Diese Perspektive ist dabei selbst nicht eindeutig. Am Mindestlohn wird das besonders sichtbar: Lernende erwarten eine klare Antwort. Gefährdet der Mindestlohn Arbeitsplätze oder nicht? Neoklassische Modelle prognostizieren Beschäftigungsverluste, empirische Studien kommen zu differenzierteren Ergebnissen, postkeynesianische Ansätze betonen Nachfrageeffekte. Spätestens hier verändert sich die Dynamik im Klassenraum: Aus der Suche nach der einen Antwort wird eine Diskussion über Modelle, Annahmen und Begründungen. Bildungswirksamer Wirtschaftsunterricht reduziert komplexe Fragen nie auf einfache Antworten, sondern macht sichtbar, dass ökonomische Urteile immer auf bestimmten theoretischen Perspektiven beruhen. Für Schülerinnen und Schüler entsteht daraus kein beliebiges „Alles ist Ansichtssache“, sondern die Erfahrung, dass wirtschaftliche Zusammenhänge begründet analysiert und unterschiedlich interpretiert werden müssen.

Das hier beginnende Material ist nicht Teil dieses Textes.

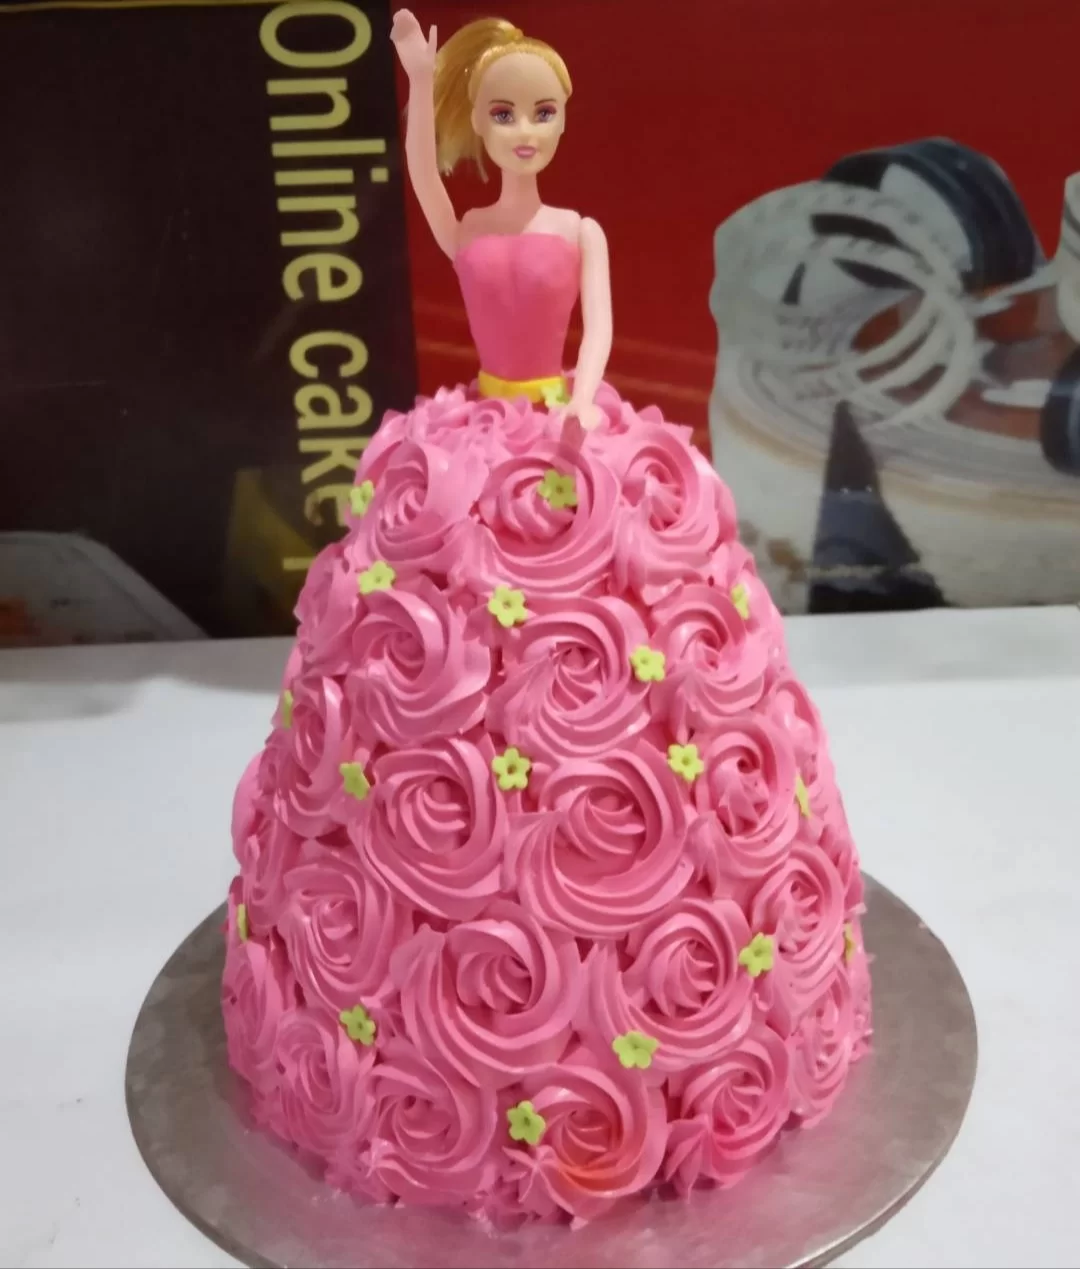 Barbie Doll Cake - The Cakeroom Bakery Shop

In der Unterrichtspraxis bedeutet das freilich nicht, jede Stunde sämtliche wirtschaftswissenschaftlichen Schulen behandeln zu müssen. Entscheidend ist vielmehr, dass Lehrkräfte sich der theoretischen Voraussetzungen ihrer Modelle bewusst sind. Wer ausschließlich das neoklassische Arbeitsmarktmodell einführt, vermittelt schnell den Eindruck, es handle sich um die einzig gültige Erklärung und nicht um eine von mehreren möglichen Perspektiven. Wissenschaftsorientierter Wirtschaftsunterricht muss diese Pluralität sichtbar machen. Der Beutelsbacher Konsens fordert Kontroversität im politischen Bereich; für den Wirtschaftsunterricht gilt dies ebenso auf der Ebene ökonomischer Theorieansätze. Wenn Schülerinnen und Schüler erfahren, dass wirtschaftliche Phänomene je nach Modell unterschiedlich interpretiert werden können, verändert sich ihr Urteil. Es wird nicht beliebiger, sondern reflektierter und argumentativ fundierter.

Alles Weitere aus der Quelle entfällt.